Thanks, Kimo, for posting it here!
This looks like a very interesting and novel approach. I think I can
see how and why it works.
Some random comments:
The approach does not seem to be extensible to other synchronization
algorithms (in particular mutexes) because it inherently requires
state distribution (N items are available at the same time). However
it's extensible to say distributed object (which is, well, essentially
the same as ws dequeue).
If I want to use it in a library code, I am not sure how I can
reliably determine the store buffer bound.

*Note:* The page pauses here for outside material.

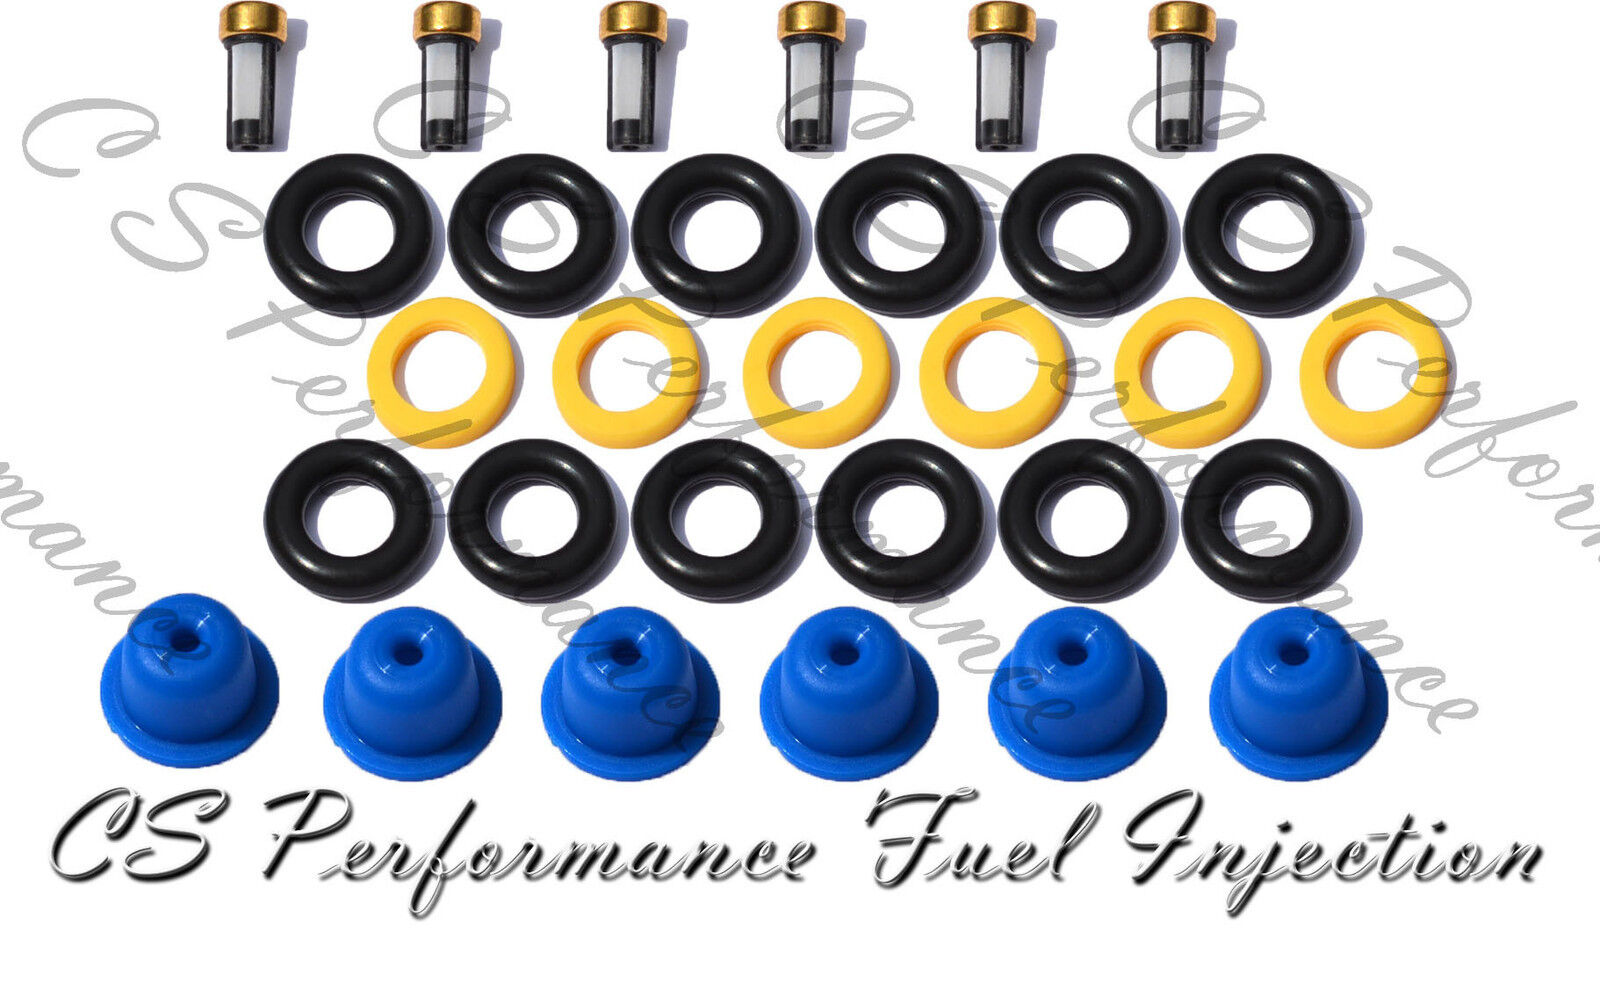 PINTLE CAPS FUEL INJECTOR KIT O-RINGS SPACER FILTER DODGE CHRYSLER 3.8 3.9 V6

Then the size of the deque drops below the bound, they effectively
switch to work-requesting. (1) I suspect that benchmarks effectively
benchmark work-requesting in their case. (2) Work-requesting works
well for good computational workload that they used, but is not
applicable in other domains; e.g. if a task spawns 2 other tasks, one
generally wants the tasks to execute in parallel, while with their
algorithm both tasks will execute sequentially. (3) It would be
interetsing to try to combine their approach with traditional
work-stealing, i.e. size<bound=pay for the barrier, size>bound=don't
pay for the barrier.
It seems to be well suited for parallel for construct. Potentially it
would allow to reduce per-iteration overhead to basically zero.
However, you will need some fake stores, because parallel for usually
stores to only 1 memory location (iteration space), so their logic
won't work as is.
The idea of using static code analysis to determine minimum number of
stores per task looks too... academic for me.